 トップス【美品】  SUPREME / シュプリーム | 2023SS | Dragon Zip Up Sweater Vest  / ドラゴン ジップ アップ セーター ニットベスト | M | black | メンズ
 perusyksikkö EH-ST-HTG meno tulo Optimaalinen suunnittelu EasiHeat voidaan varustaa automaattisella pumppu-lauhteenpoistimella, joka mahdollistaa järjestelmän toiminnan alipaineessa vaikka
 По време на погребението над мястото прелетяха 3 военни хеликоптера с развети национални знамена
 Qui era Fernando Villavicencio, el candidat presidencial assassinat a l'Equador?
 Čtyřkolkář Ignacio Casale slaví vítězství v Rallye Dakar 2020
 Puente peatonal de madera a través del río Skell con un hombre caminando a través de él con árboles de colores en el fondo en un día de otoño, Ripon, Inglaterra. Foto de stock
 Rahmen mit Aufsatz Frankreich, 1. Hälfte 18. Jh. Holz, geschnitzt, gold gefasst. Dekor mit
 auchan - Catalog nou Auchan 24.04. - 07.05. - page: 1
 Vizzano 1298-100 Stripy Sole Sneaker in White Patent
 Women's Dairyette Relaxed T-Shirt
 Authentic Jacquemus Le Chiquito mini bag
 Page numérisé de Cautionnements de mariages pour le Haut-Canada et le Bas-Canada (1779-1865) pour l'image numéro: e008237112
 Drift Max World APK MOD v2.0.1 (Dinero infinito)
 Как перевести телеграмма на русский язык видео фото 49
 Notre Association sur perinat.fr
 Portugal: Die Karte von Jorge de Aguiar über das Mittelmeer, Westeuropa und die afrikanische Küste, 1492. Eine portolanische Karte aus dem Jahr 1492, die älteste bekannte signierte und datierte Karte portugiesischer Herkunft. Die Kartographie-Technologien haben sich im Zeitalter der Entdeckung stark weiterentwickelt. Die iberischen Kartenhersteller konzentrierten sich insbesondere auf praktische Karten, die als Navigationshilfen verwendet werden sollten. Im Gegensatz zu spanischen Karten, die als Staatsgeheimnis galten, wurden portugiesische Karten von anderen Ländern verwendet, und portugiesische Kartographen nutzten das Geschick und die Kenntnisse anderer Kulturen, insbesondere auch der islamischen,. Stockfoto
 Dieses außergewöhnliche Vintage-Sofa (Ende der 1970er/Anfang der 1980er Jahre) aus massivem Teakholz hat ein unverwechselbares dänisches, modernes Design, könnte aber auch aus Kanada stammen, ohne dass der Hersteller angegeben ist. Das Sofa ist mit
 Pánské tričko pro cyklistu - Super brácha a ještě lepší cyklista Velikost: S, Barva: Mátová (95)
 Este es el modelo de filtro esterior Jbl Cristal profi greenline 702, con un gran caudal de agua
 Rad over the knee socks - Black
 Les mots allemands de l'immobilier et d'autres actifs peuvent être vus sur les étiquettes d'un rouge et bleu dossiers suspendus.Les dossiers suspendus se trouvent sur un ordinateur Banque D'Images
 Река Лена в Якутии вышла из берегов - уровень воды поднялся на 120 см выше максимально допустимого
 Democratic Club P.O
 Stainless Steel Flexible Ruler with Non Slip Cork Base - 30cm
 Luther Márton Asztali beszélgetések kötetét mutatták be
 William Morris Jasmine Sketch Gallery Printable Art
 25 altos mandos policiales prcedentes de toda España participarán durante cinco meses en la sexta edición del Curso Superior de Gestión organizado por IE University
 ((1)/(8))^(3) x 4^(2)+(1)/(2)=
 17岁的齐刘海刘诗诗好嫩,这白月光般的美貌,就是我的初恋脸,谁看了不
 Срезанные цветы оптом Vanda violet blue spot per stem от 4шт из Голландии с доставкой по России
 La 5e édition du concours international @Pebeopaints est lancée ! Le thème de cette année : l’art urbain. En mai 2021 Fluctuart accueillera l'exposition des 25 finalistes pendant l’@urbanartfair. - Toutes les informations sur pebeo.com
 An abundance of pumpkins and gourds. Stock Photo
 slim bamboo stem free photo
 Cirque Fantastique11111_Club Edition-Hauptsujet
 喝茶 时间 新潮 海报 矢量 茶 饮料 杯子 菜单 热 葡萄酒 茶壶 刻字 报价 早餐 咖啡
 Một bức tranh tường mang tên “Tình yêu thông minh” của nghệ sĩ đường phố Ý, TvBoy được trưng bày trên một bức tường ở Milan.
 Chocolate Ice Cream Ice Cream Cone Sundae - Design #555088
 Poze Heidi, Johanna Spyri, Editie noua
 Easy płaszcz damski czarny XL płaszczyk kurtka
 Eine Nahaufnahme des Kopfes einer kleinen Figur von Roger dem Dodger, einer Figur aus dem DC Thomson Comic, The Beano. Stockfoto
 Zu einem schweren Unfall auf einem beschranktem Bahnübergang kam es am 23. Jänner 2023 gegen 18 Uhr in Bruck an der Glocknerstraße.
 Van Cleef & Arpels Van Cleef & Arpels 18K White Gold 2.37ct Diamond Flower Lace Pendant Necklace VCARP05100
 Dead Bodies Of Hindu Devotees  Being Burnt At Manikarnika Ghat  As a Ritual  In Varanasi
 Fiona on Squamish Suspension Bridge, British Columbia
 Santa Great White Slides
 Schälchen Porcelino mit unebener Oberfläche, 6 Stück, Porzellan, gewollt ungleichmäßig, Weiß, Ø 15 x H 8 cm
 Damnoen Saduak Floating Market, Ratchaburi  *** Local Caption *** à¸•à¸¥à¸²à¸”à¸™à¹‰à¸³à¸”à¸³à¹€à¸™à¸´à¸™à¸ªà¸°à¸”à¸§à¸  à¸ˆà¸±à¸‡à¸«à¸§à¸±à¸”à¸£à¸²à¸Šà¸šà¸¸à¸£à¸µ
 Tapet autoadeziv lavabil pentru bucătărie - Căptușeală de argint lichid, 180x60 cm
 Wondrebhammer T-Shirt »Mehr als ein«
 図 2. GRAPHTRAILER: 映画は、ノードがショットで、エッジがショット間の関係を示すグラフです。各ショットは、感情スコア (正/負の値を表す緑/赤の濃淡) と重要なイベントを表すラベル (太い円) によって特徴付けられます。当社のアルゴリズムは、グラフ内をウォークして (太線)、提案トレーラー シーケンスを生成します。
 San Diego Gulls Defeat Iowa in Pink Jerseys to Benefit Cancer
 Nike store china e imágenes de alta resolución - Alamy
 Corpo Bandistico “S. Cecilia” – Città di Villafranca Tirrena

The problem » Using the entries shown above, reproduce verbatim the lines from the line bearing "Rahmen mit Aufsatz" to the line bearing "Notre Association sur perinat.fr", inclusive.

Task output »
 Rahmen mit Aufsatz Frankreich, 1. Hälfte 18. Jh. Holz, geschnitzt, gold gefasst. Dekor mit
 auchan - Catalog nou Auchan 24.04. - 07.05. - page: 1
 Vizzano 1298-100 Stripy Sole Sneaker in White Patent
 Women's Dairyette Relaxed T-Shirt
 Authentic Jacquemus Le Chiquito mini bag
 Page numérisé de Cautionnements de mariages pour le Haut-Canada et le Bas-Canada (1779-1865) pour l'image numéro: e008237112
 Drift Max World APK MOD v2.0.1 (Dinero infinito)
 Как перевести телеграмма на русский язык видео фото 49
 Notre Association sur perinat.fr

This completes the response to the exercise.